I am trying to measure the speed at which elmo model from the allen.nlp library performs on CPU and T4 GPU on google collab. The eval function accepts a function that makes sentence embedding with the given model
for m in elmo_models:
print('\n\n\n', m, '\n==========================================')
options_file = "/content/" + m + "/options.json"
weight_file = "/content/" + m + "/model.hdf5"
model = Elmo(options_file, weight_file, 2, dropout=0)
speed_task_gpu.eval(lambda x: elmo_embed(x, model), m)
speed_task_cpu.eval(lambda x: elmo_embed(x, model, 'cpu'), m)
And this is the function which is meant to get text embeddings:
def elmo_embed(text, model, name='cuda:0'):
character_ids = batch_to_ids(text)
device = torch.device(name)
model = model.to(device)
character_ids = character_ids.to(device)
with torch.no_grad():
embeddings = model(character_ids)['elmo_representations'][0]
embeddings = embeddings.sum(dim=(0, 1), keepdim=True)
embeddings = torch.nn.functional.normalize(embeddings)
embeddings = embeddings[0][0].cpu().numpy()
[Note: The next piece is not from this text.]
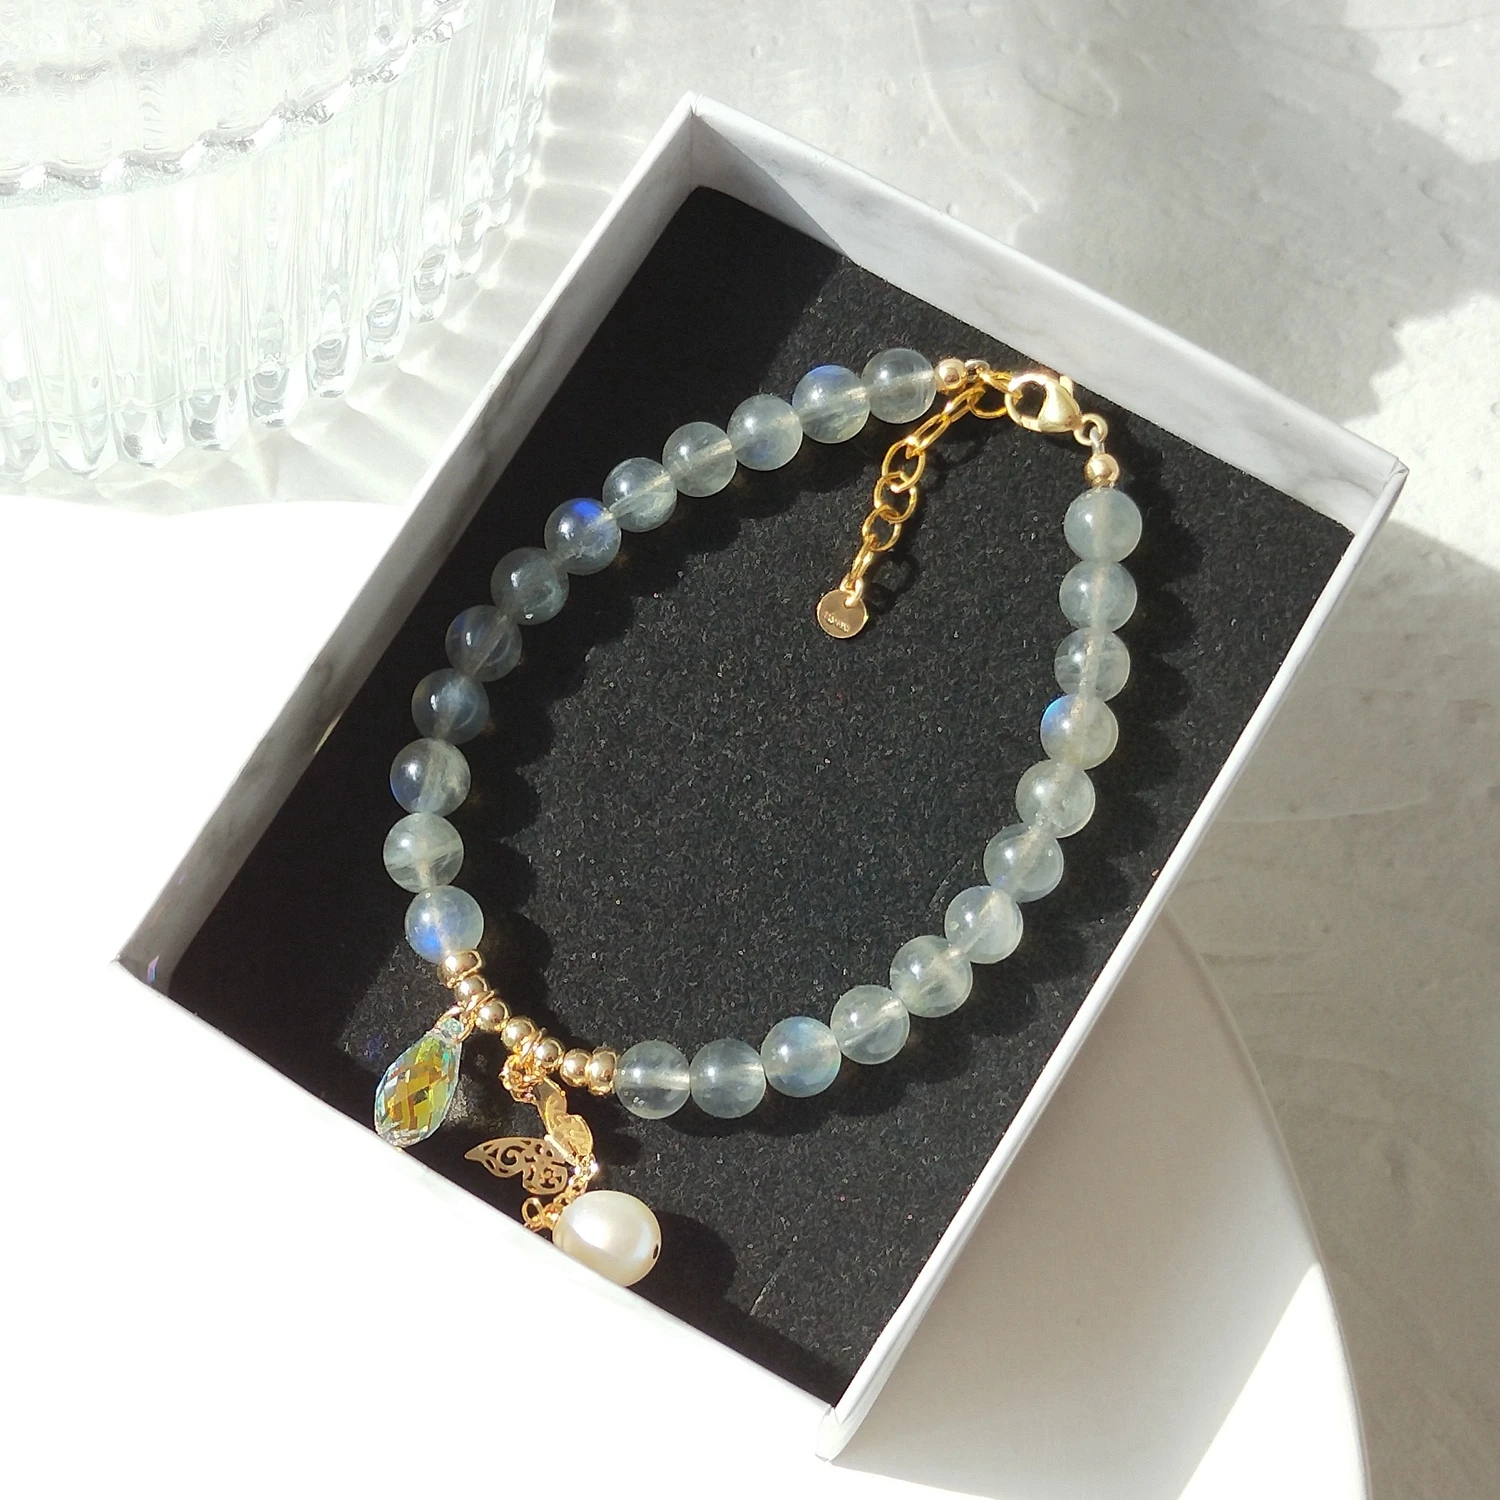 Lii Ji Labradorite Natural Stone 14K Gold Filled Charm Bracelet Gold Luxurious Fashion Jewelry For Women Girls Gift 4
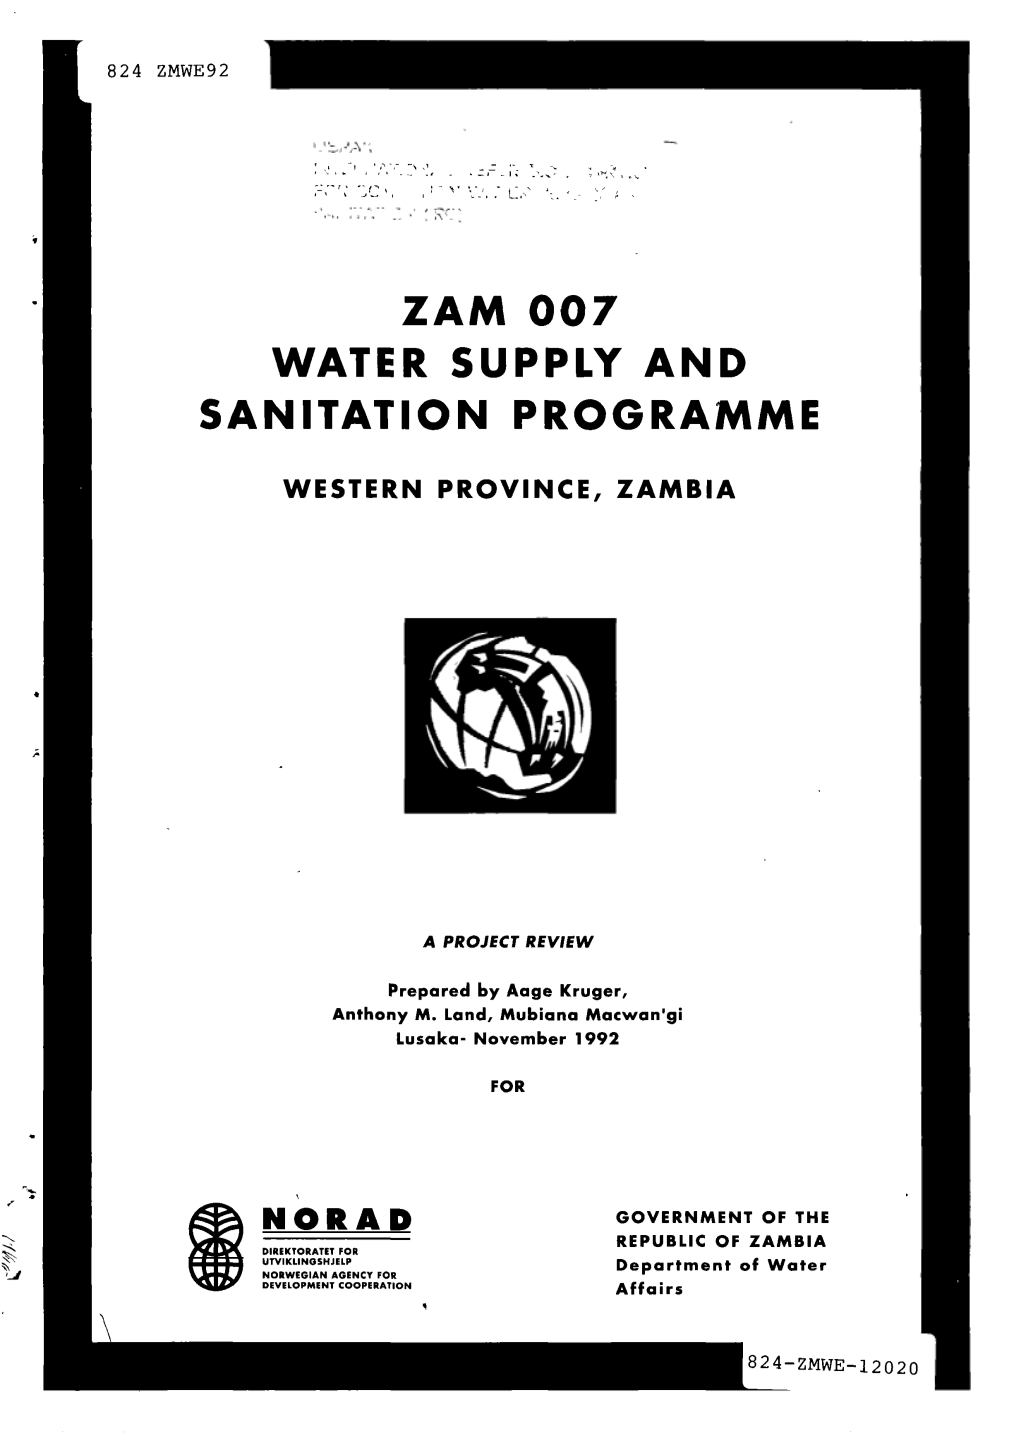 Zam 007 Water Supply and Sanitation Programme

return {'cls': embeddings}
Even though I transfer both model and character_ids to the same device, I get this error when trying to evaluate model's performance on CPU:
RuntimeError: Expected all tensors to be on the same device, but found at least two devices, cuda:0 and cpu! (when checking argument for argument index in method wrapper__index_select)
What is the correct way of transfering model and character_ids to the same device?